▽

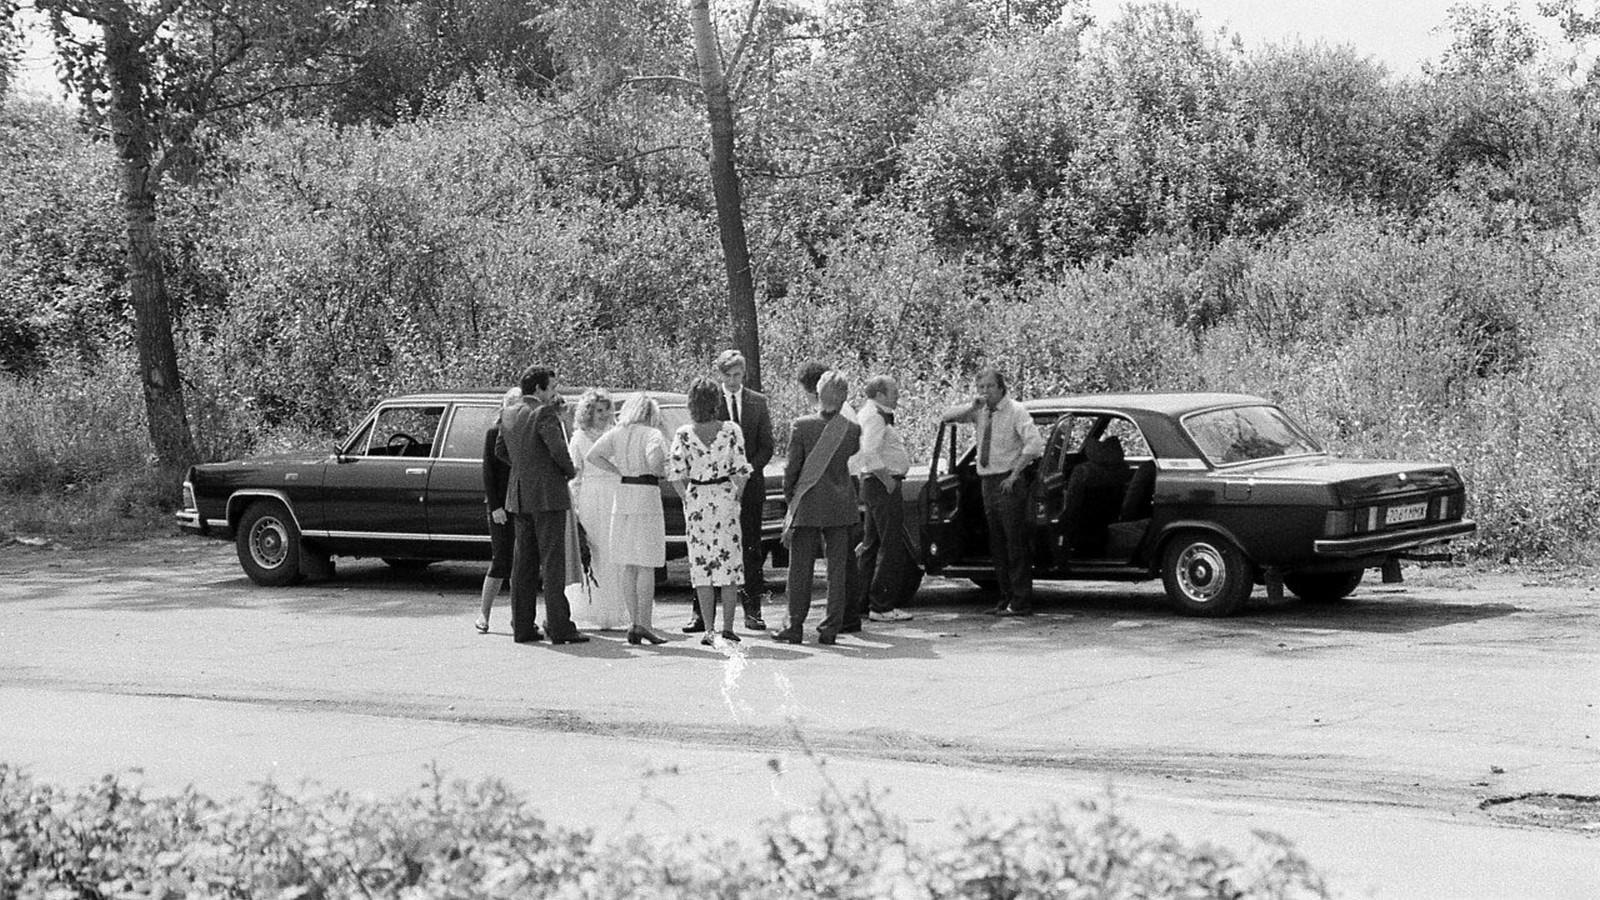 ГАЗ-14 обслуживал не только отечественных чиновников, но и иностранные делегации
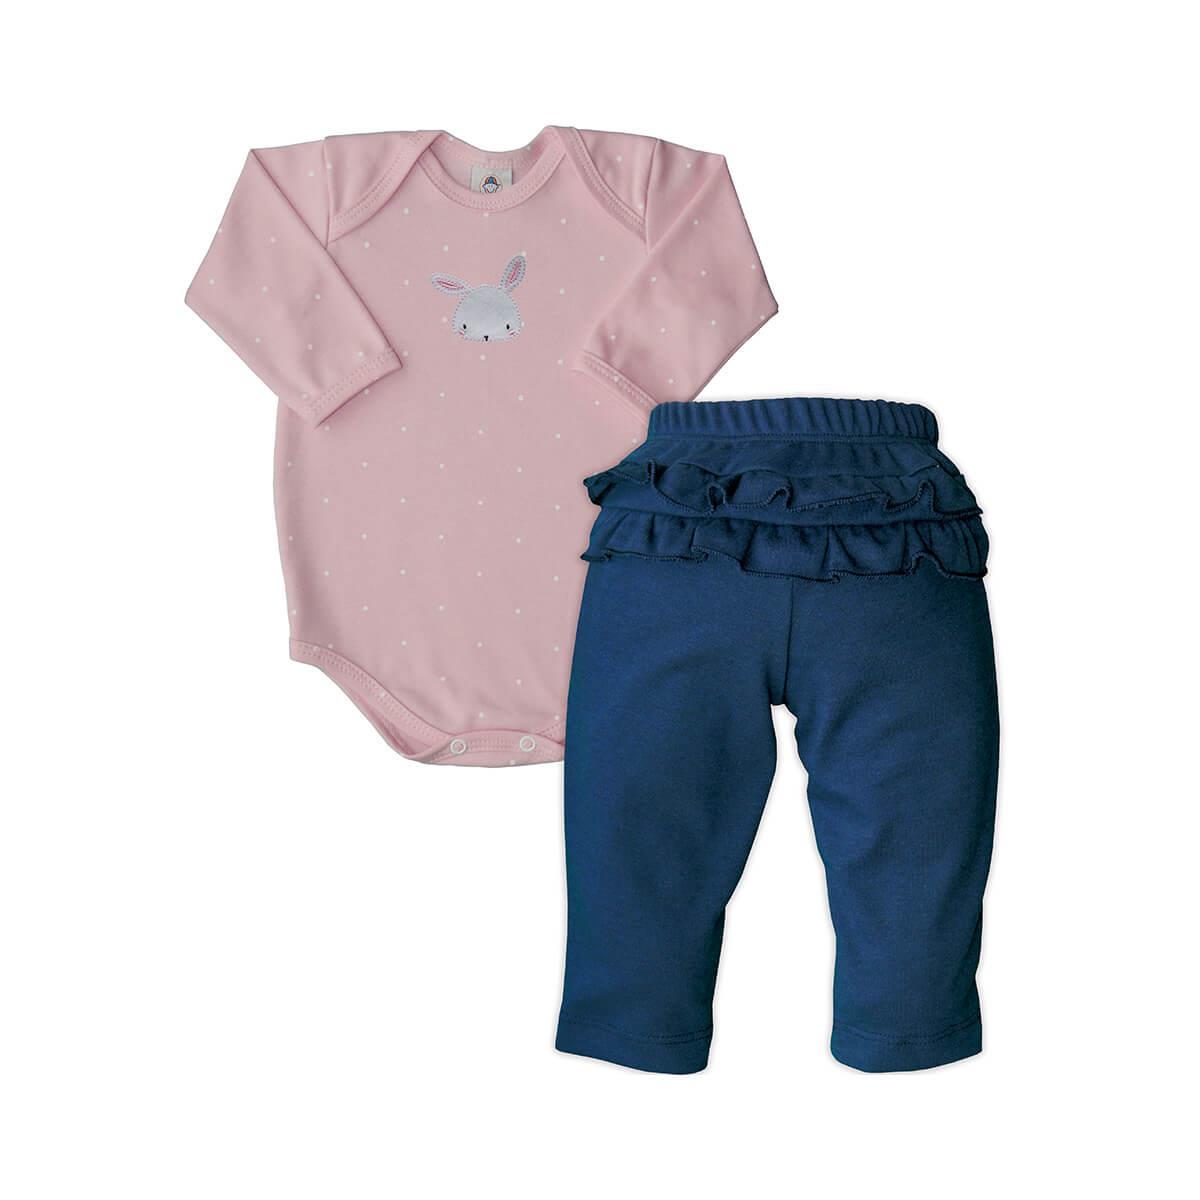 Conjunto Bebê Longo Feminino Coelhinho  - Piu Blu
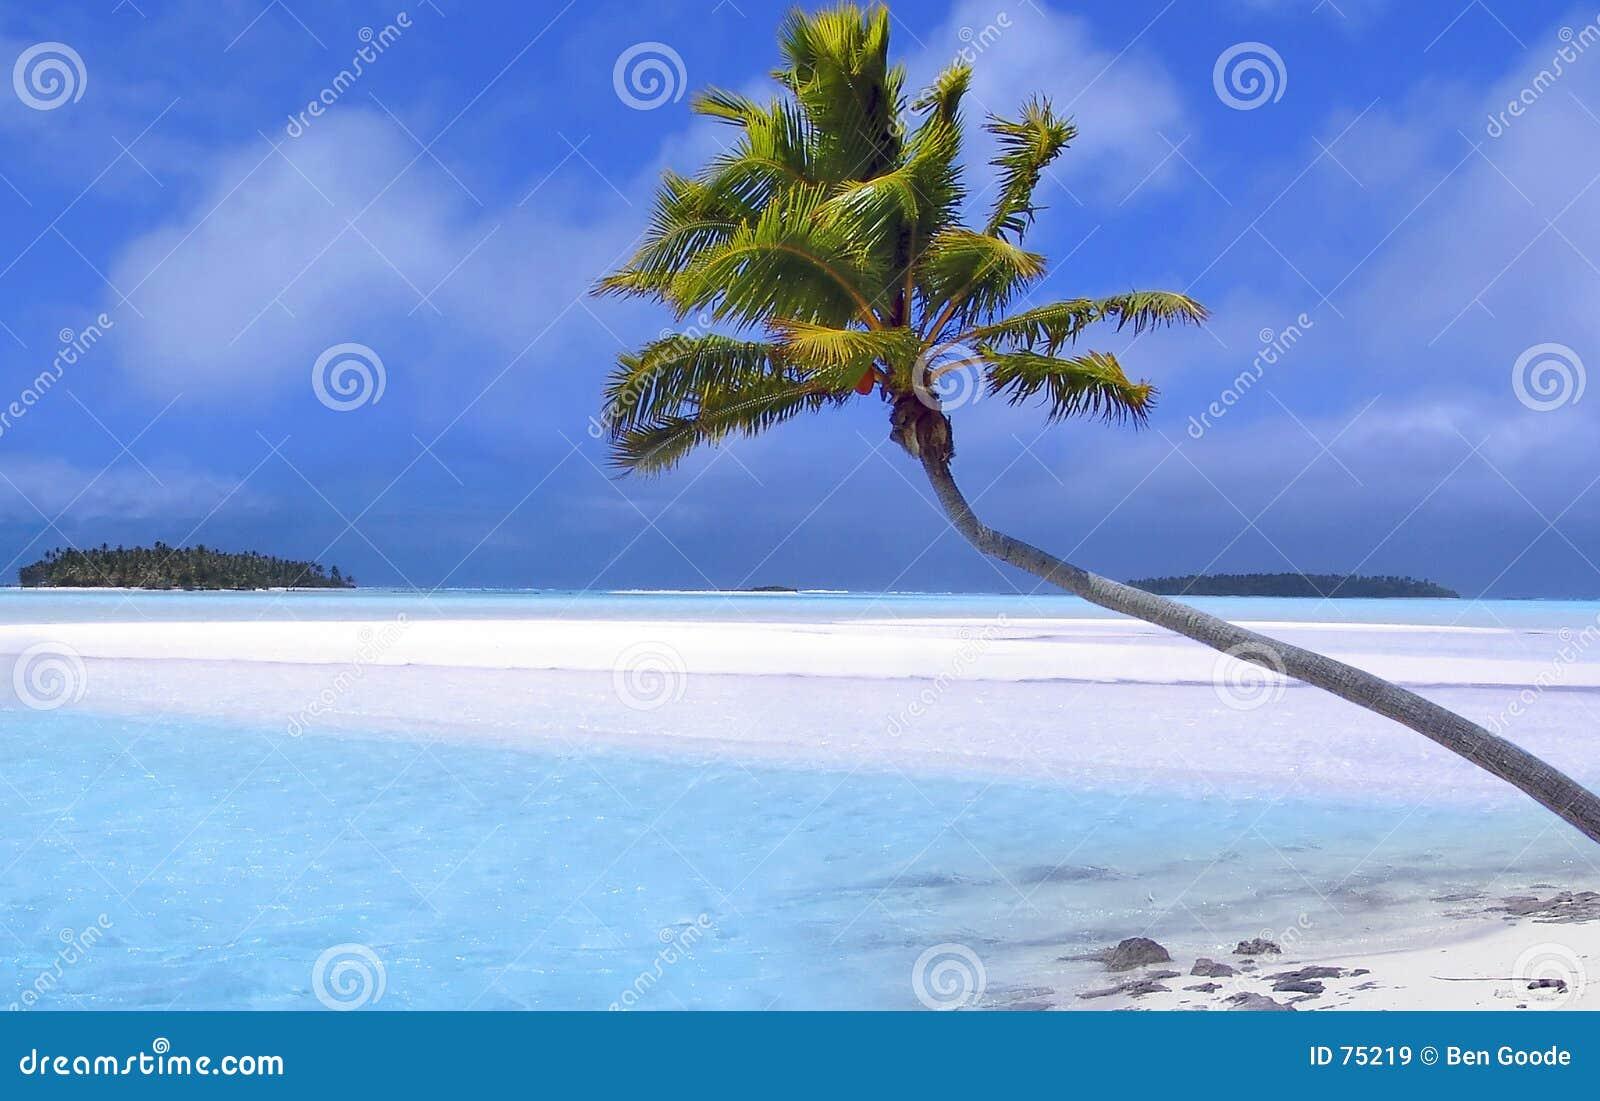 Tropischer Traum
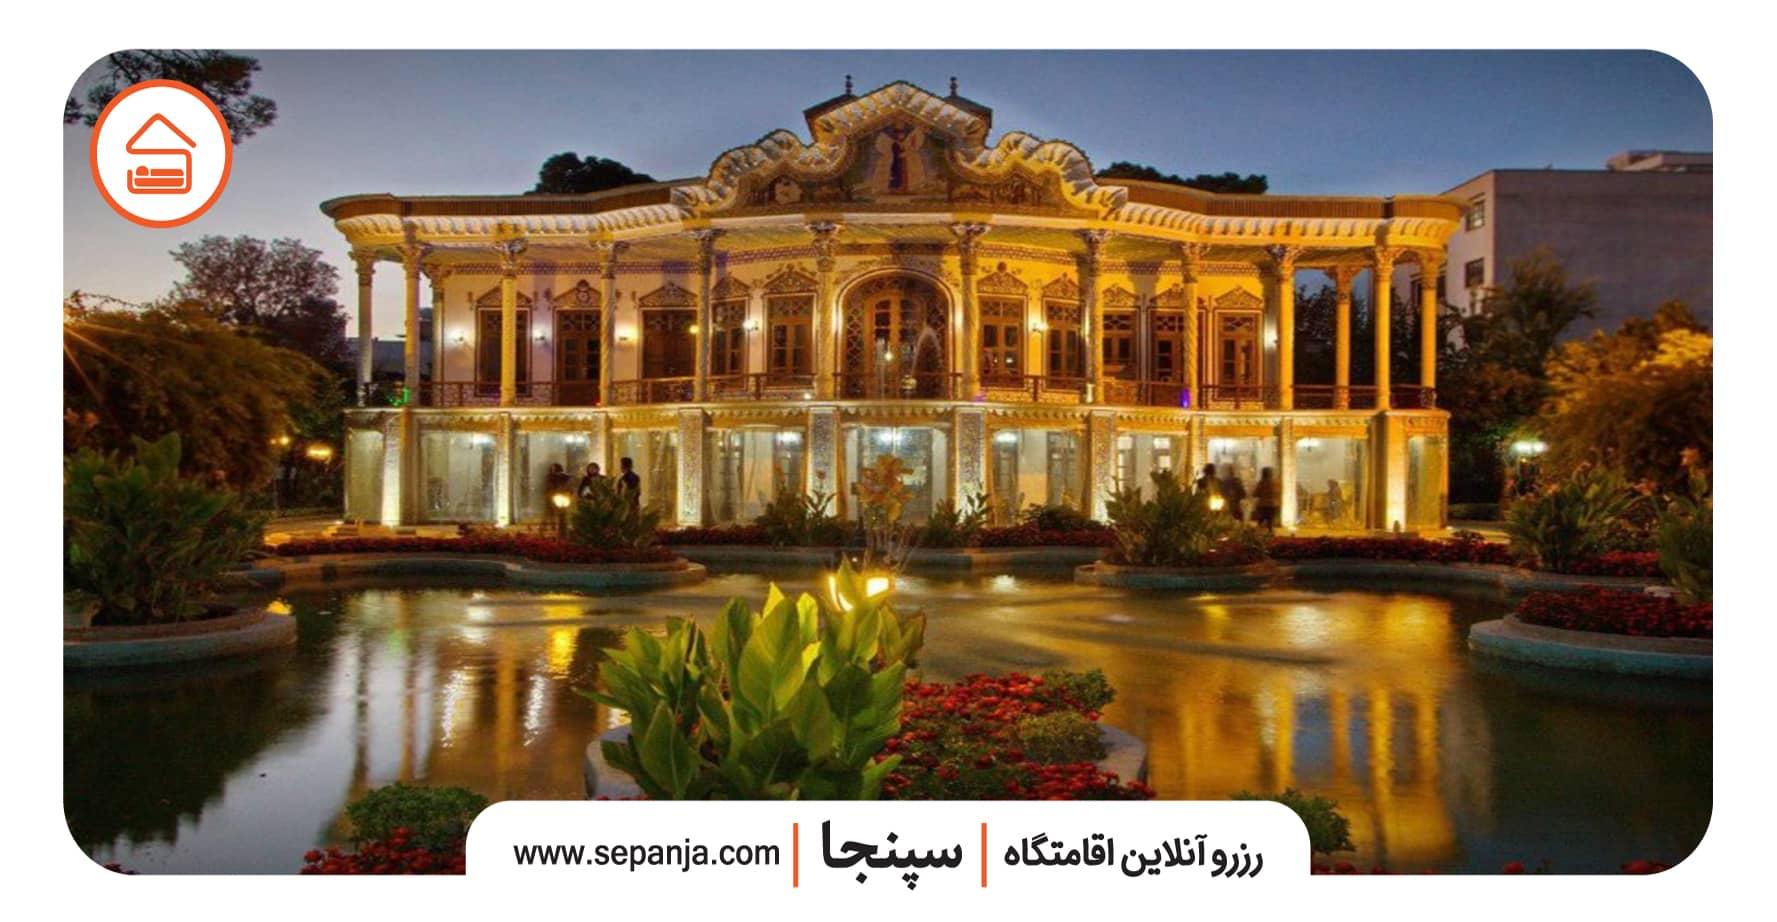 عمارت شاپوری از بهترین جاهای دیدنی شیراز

△

Write the lines from the one containing "Tropischer Traum" through the end of the data above exactly as they appear, and do not carry over any picture.

 Tropischer Traum
 عمارت شاپوری از بهترین جاهای دیدنی شیراز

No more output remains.